{
"cells": [
{
"cell_type": "markdown",
"metadata": {},
"source": [
"# Assignment 3: Hello Vectors\n",
"\n",
"Welcome to this week's programming assignment of the specialization. In this assignment we will explore word vectors.\n",
"In natural language processing, we represent each word as a vector consisting of numbers.\n",
"The vector encodes the meaning of the word. These numbers (or weights) for each word are learned using various machine\n",
"learning models, which we will explore in more detail later in this specialization. Rather than make you code the\n",
"machine learning models from scratch, we will show you how to use them. In the real world, you can always load the\n",
"trained word vectors, and you will almost never have to train them from scratch. In this assignment you will\n",
"\n",
"- Predict analogies between words.\n",
"- Use PCA to reduce the dimensionality of the word embeddings and plot them in two dimensions.\n",
"- Compare word embeddings by using a similarity measure (the cosine similarity).\n",
"- Understand how these vector space models work.\n"
]
},
{
"cell_type": "markdown",
"metadata": {},
"source": [
"## Important Note on Submission to the AutoGrader\n",
"\n",
"Before submitting your assignment to the AutoGrader, please make sure you are not doing the following:\n",
"\n",
"1. You have not added any _extra_ `print` statement(s) in the assignment.\n",
"2. You have not added any _extra_ code cell(s) in the assignment.\n",
"3. You have not changed any of the function parameters.\n",
"4. You are not using any global variables inside your graded exercises.
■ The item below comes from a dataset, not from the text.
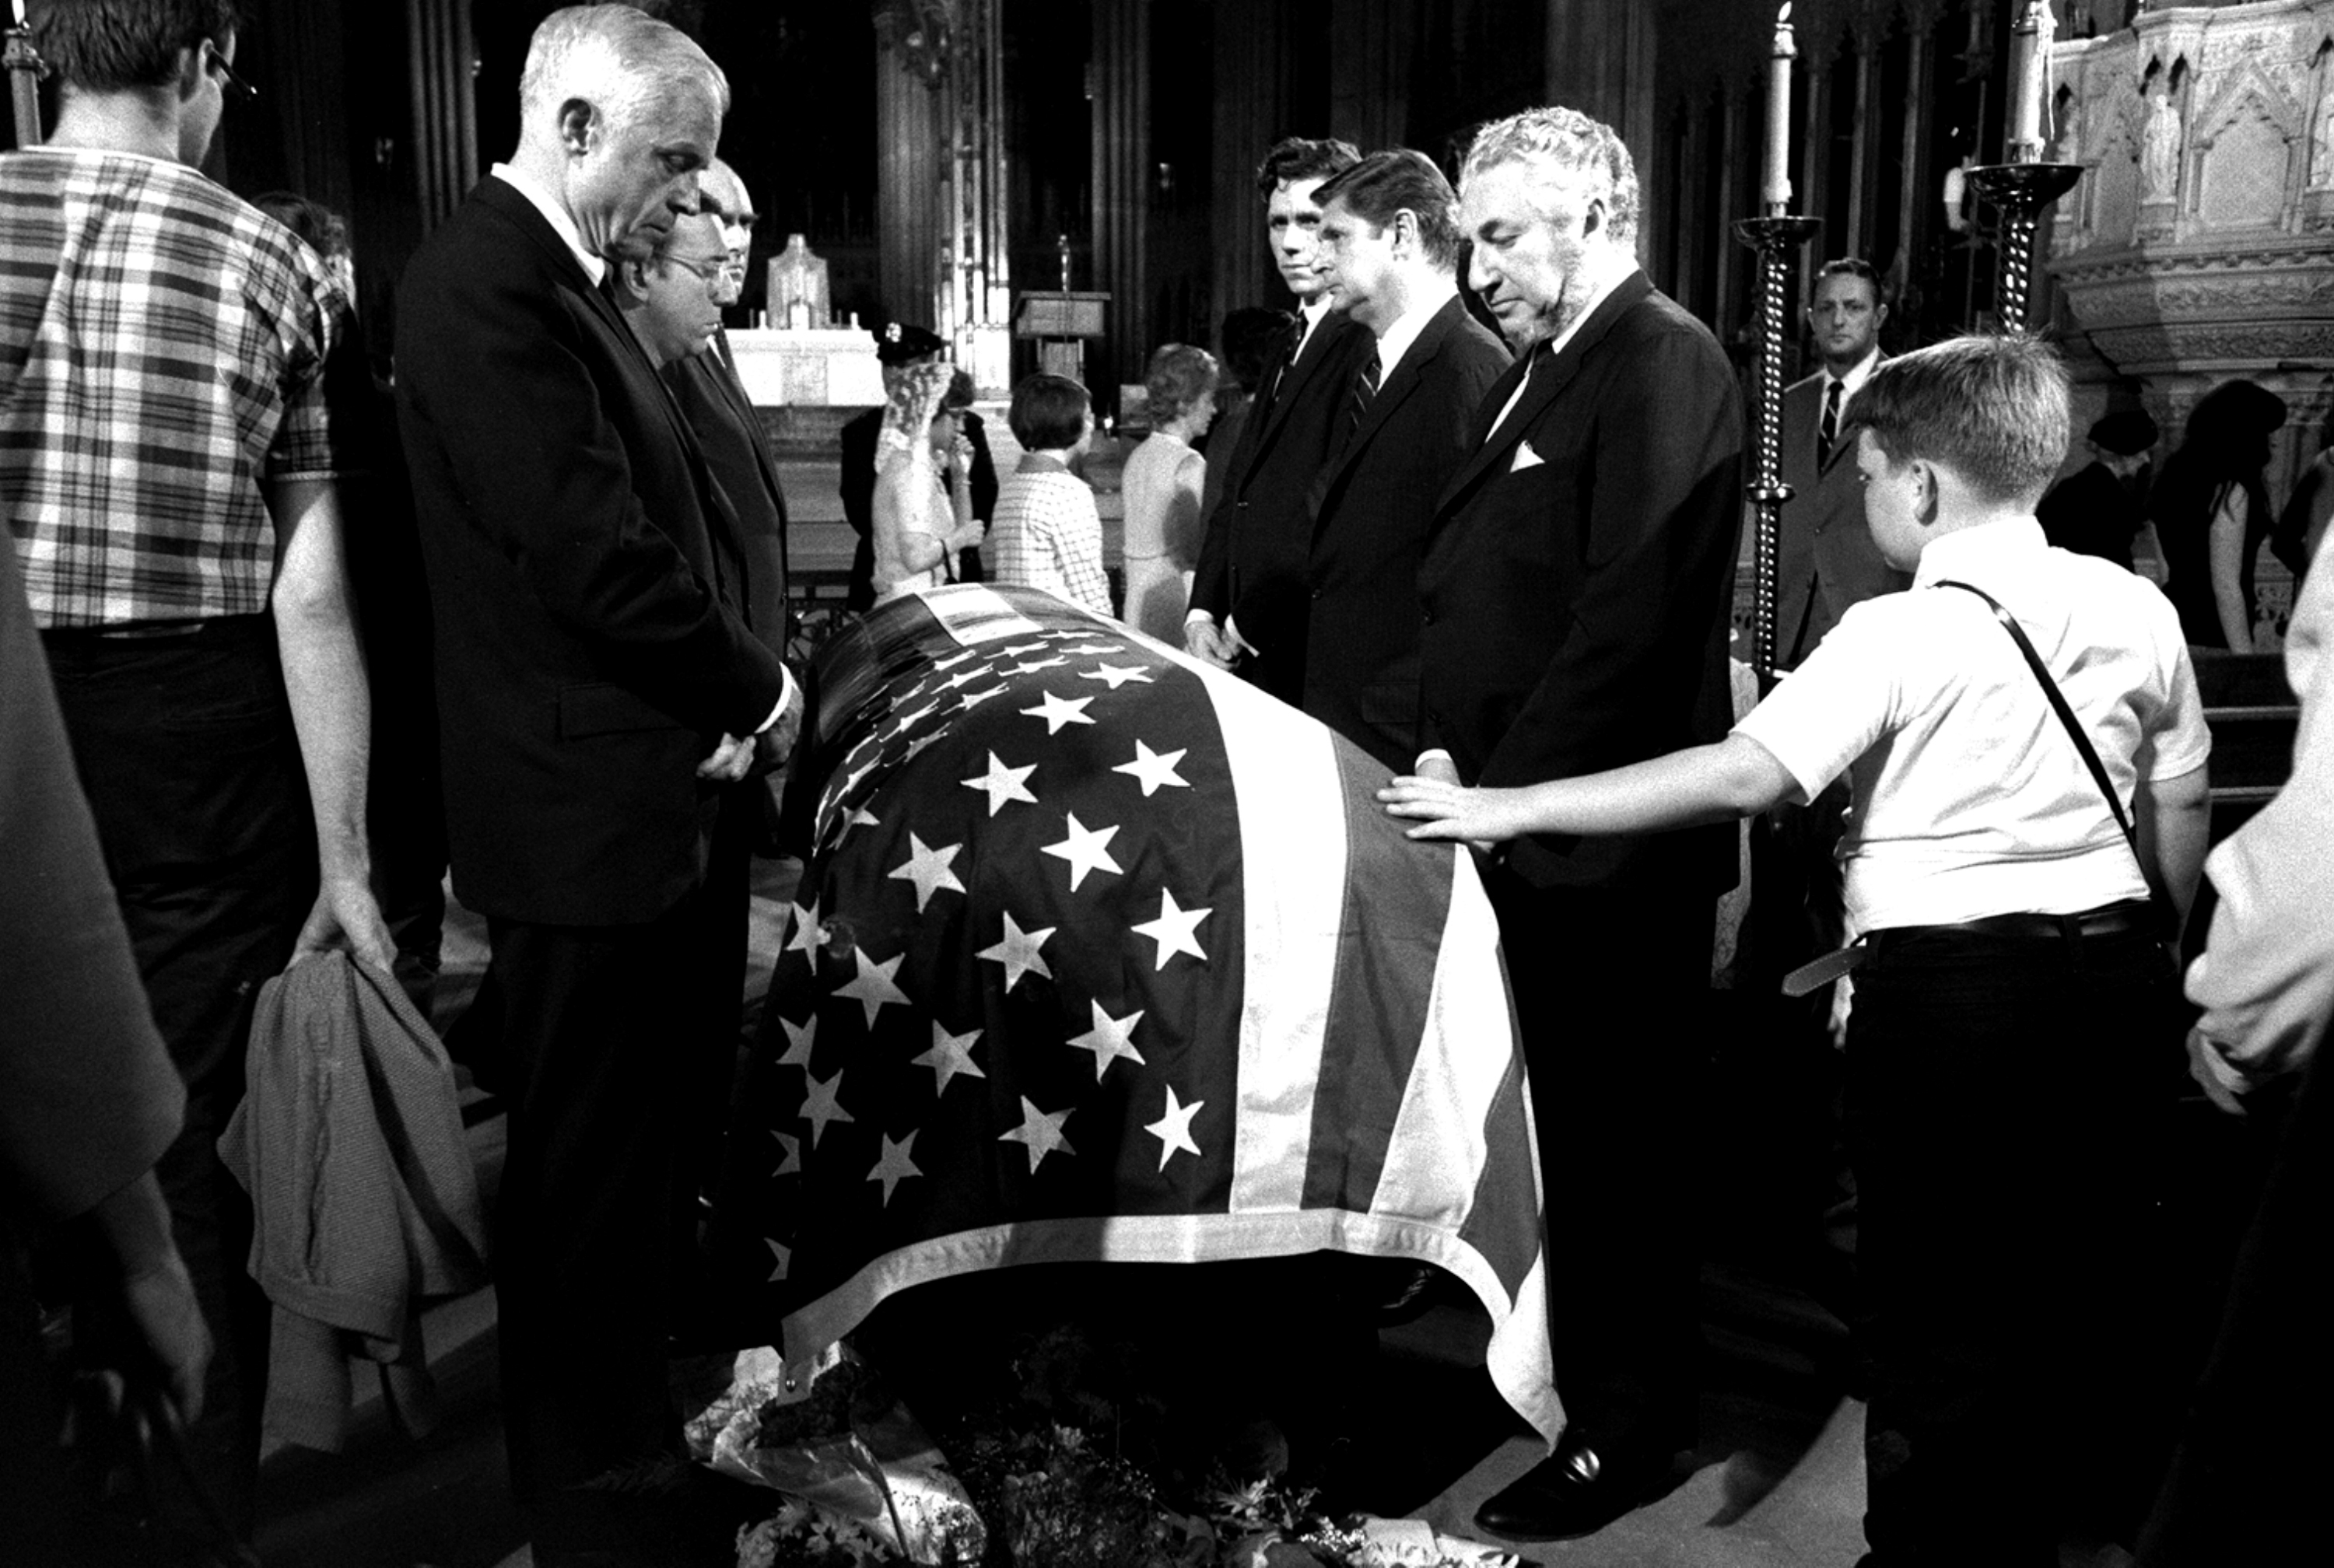 FILE-- In this June 7, 1968 file photograph, a young boy touches the casket of Senator Robert F. Kennedy, D-NY, while paying respects at New York's St. Patrick's Cathedral. The suburban Boston house where Robert F. Kennedy was born, now a national historic site in tribute to his more famous brother, President John F. Kennedy, is holding a special exhibition to mark the 50th anniversary of RFK's assassination on June 6, 1968. (AP Photo/stf)

Unless specifically instructed to do so, please refrain from it and use the local variables instead.\n",
"5. You are not changing the assignment code where it is not required, like creating _extra_ variables.\n",
"\n",
"If you do any of the following, you will get something like, `Grader Error: Grader feedback not found` (or similarly unexpected) error upon submitting your assignment. Before asking for help/debugging the errors in your assignment, check for these first. If this is the case, and you don't remember the changes you have made, you can get a fresh copy of the assignment by following these [instructions](https://www.coursera.org/learn/classification-vector-spaces-in-nlp/supplement/YLuAg/h-ow-to-refresh-your-workspace)."
]
},
{
"cell_type": "markdown",
"metadata": {},
"source": [
"## Table of Contents\n",
"\n",
"- [1 - Predict the Countries from Capitals](#1)\n",
" - [1.1 Importing the Data](#1-1)\n",
" - [1.2 Cosine Similarity](#1-2)\n",
" - [Exercise 1 - cosine_similarity (UNQ_C1)](#ex-1)\n",
" - [1.3 Euclidean Distance](#1-3)\n",
" - [Exercise 2 - euclidean (UNQ_C2)](#ex-2)\n",
" - [1.4 Finding the Country of each Capital](#1-4)\n",
" - [Exercise 3 - get_country (UNQ_C3)](#ex-3)\n",
" - [1.5 Model Accuracy](#1-5)\n",
" - [Exercise 4 - get_accuracy (UNQ_C4)](#ex-4)\n",
"- [2 - Plotting the vectors using PCA](#2)\n",
" - [Exercise 5 - compute_pca (UNQ_C5)](#ex-5)"
]
},
{
"cell_type": "markdown",
"metadata": {},
"source": [
"\n",
"## 1 - Predict the Countries from Capitals\n",
"\n",
"During the presentation of the module, we have illustrated the word analogies\n",
"by finding the capital of a country from the country. In this part of the assignment\n",
"we have changed the problem a bit. You are asked to predict the **countries** \n",
"that correspond to some **capitals**.\n",
"You are playing trivia against some second grader who just took their geography test and knows all the capitals by heart.\n",
"Thanks to NLP, you will be able to answer the questions properly. In other words, you will write a program that can give\n",
"you the country by its capital. That way you are pretty sure you will win the trivia game. We will start by exploring the data set.\n",
"\n",
"
\n",
"\n",
"\n",
"### 1.1 Importing the Data\n",
"\n",
"As usual, you start by importing some essential Python libraries and the load dataset.\n",
"The dataset will be loaded as a [Pandas DataFrame](https://pandas.pydata.org/pandas-docs/stable/getting_started/dsintro.html),\n",
"which is very a common method in data science. Because of the large size of the data,\n",
"this may take a few minutes."
]
},
{
"cell_type": "code",
"execution_count": 1,
"metadata": {},
"outputs": [],
"source": [
"# Run this cell to import packages.\n",
"import pickle\n",
"import numpy as np\n",
"import pandas as pd\n",
"import matplotlib.pyplot as plt\n",
"import w3_unittest\n",
"\n",
"from utils import get_vectors"
]
},
{
"cell_type": "code",
"execution_count": 2,
"metadata": {},
"outputs": [
{
"data": {
"text/html": [
"
| \n", " | city1 | \n", "country1 | \n", "city2 | \n", "country2 | \n", "
|---|---|---|---|---|
| 0 | \n", "Athens | \n", "Greece | \n", "Bangkok | \n", "Thailand | \n", "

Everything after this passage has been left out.